Many thanks to Tom Calhoun of Bayou Home Care for forwarding me the CMS update regarding proposed Medicare changes to the PPS system while I was out and about yesterday afternoon. (Be sure to click on the link and watch the video on Bayou Home Care’s page. You will understand why I am proud to be known a swamp rat).
Like everyone, I was excited to see CMS start to back off on the unclear, ambiguous and cumbersome requirements of the Face-to-Face requirement. The proposed changes are as follows:
- Eliminate the narrative requirement but the certifying physician would still have to document that a Face-to-Face visit occurred and include the date of the visit. Since nobody can agree on the definition of a ‘narrative’, this is probably a good thing.
- Medicare proposes the consideration of records from the certifying physician or discharge facility ONLY when determining eligibility.
- Physicians billing for certification/recertification for home health services will be denied if a patient is found to be ineligible.
The requirement that only the physician or discharge facility will mean that we can no longer turn to specialists records or pharmacy and other providers of care to support arguments of eligibility or homebound status. I’m not too worried but be very aware of this in the future should these changes come into law.
If you are interested in what your physicians bill for home health certification, check out Propublica’s Treatment Tracker and find your docs. Most do not bill often enough for certification/recertification visits to suffer appreciably from this requirement but some do.
All of this sounds really good, huh? It is – if you are an agency who has never been denied for providing good care to an eligible patient due to a poorly constructed Face-to-Face document.
Word of Caution
I tend to be overly sentimental and my first response to this update was an outpouring of warm feelings towards Medicare. Luckily, I forgot to post this last night and have had time to reconsider my emotional response.
The proposed regulations by Medicare, should they go into effect, will not address any denials that occurred prior to the changes. Recently, Palmetto sent a memo to y’all reminding you that no matter when a patient was admitted, the Face-to-Face documentation must be included with an ADR.

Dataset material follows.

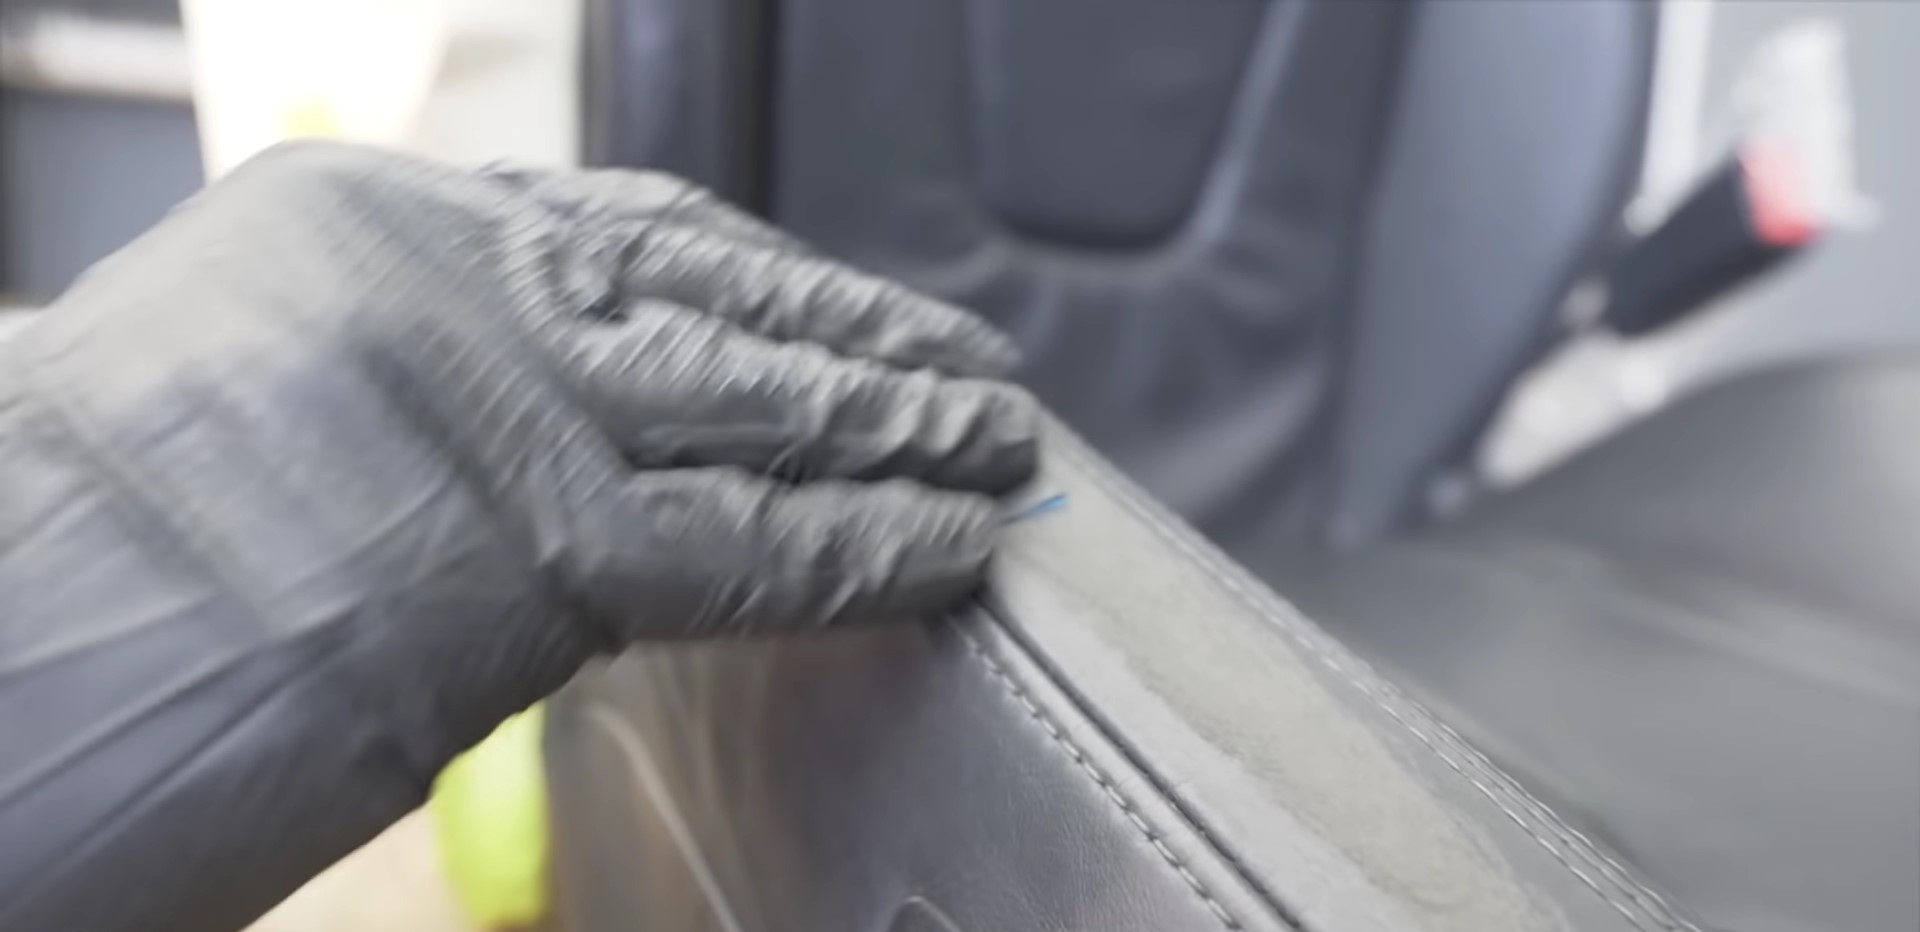 How to Repair Damaged Car Seat Audi R8 Leather Repair Steps 
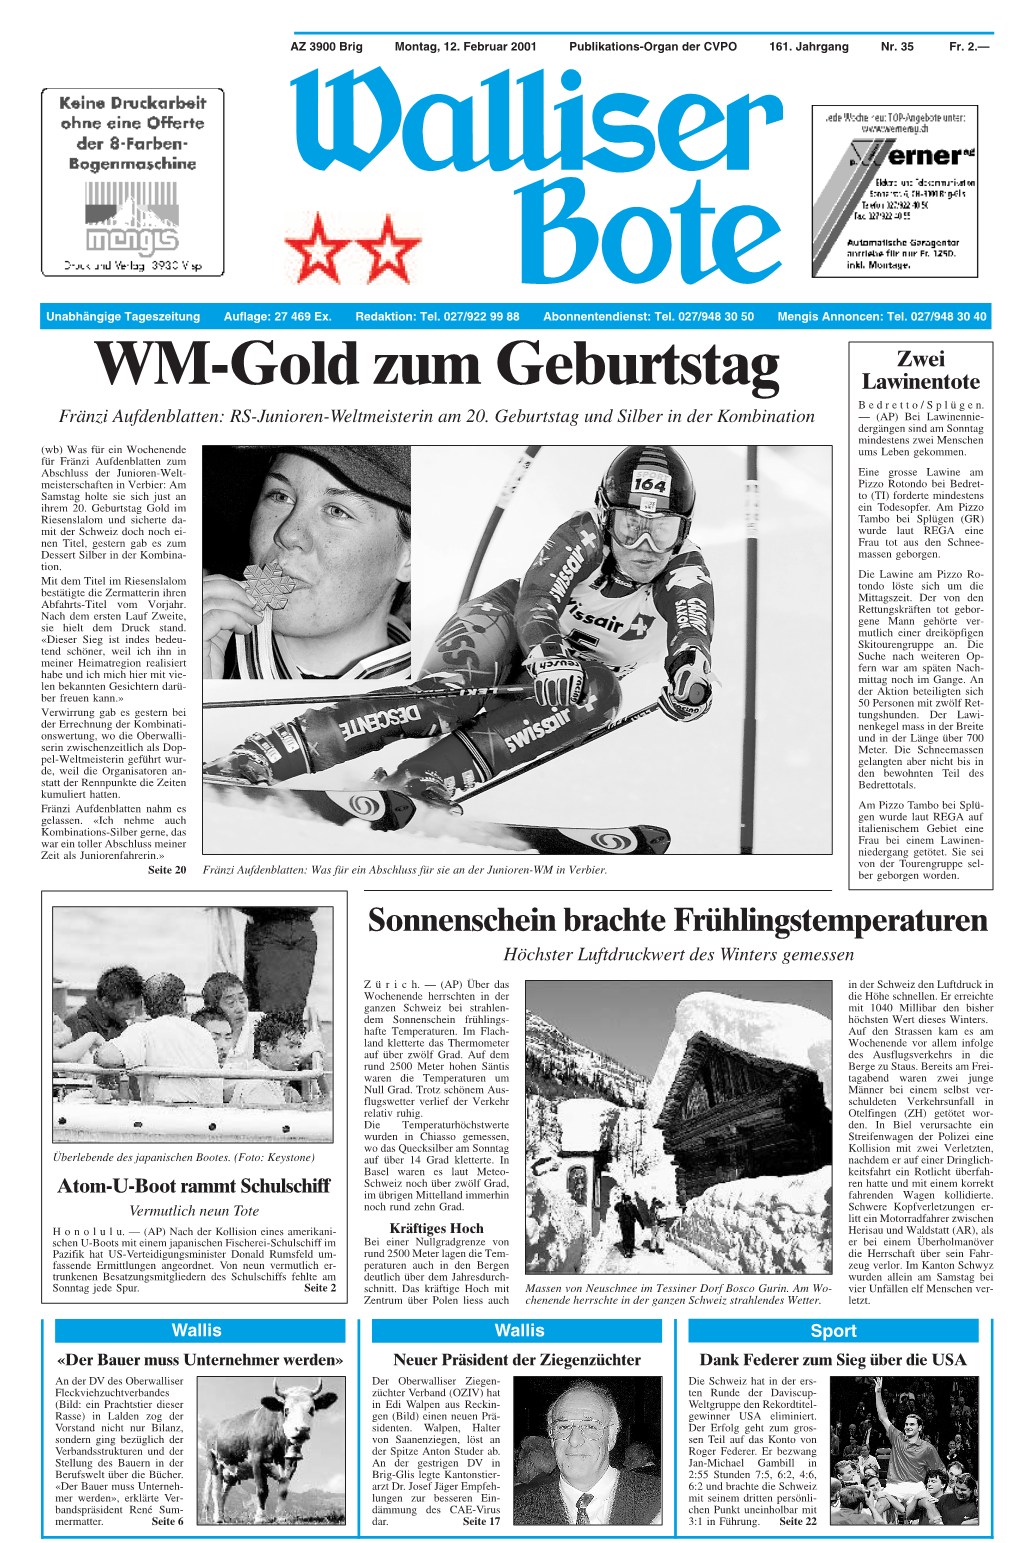 WM-Gold Zum Geburtstag Lawinentote Bedretto/Splügen

In other words, these changes offer no avenue of relief for denials that have occurred in the past. It also allows for limited denials related to the Face-to-Face document in the future if the start of care date occurred prior to the proposed changes.
The lawsuit filed by Bill Dombi, for NACH – your association – takes the position that the regulations written to satisfy the Face-to-Face requirement were never legal. If NAHC prevails in the lawsuit, then agencies may have recourse for prior denials if all other criteria were met.
I emailed Bill Dombi to determine if I was understanding this correctly and his response was that I appeared to be correct. That’s about all you will ever get from a lawyer without depositions, cataloged evidence, sworn statements and DNA – the appearance of being correct. In this case appearance does count.
So, welcome the changes. Rest comfortably knowing that there is a little gang in congress who are willing to relax the requirements implemented by the Grammar Police. This is a start – not the finish to the remediation of an unwarranted attack on home care for grammatical errors.
Under no circumstances, should you become complacent. The denials that occurred in the past were unfair and new rules taking effect at a future date will not change that. Similarly, don’t overlook the significance of the proposed regulations as it is appears that someone in Washington is listening.
Again, Thanks to Tom and to Mr. Dombi for taking time out of their days to keep me informed.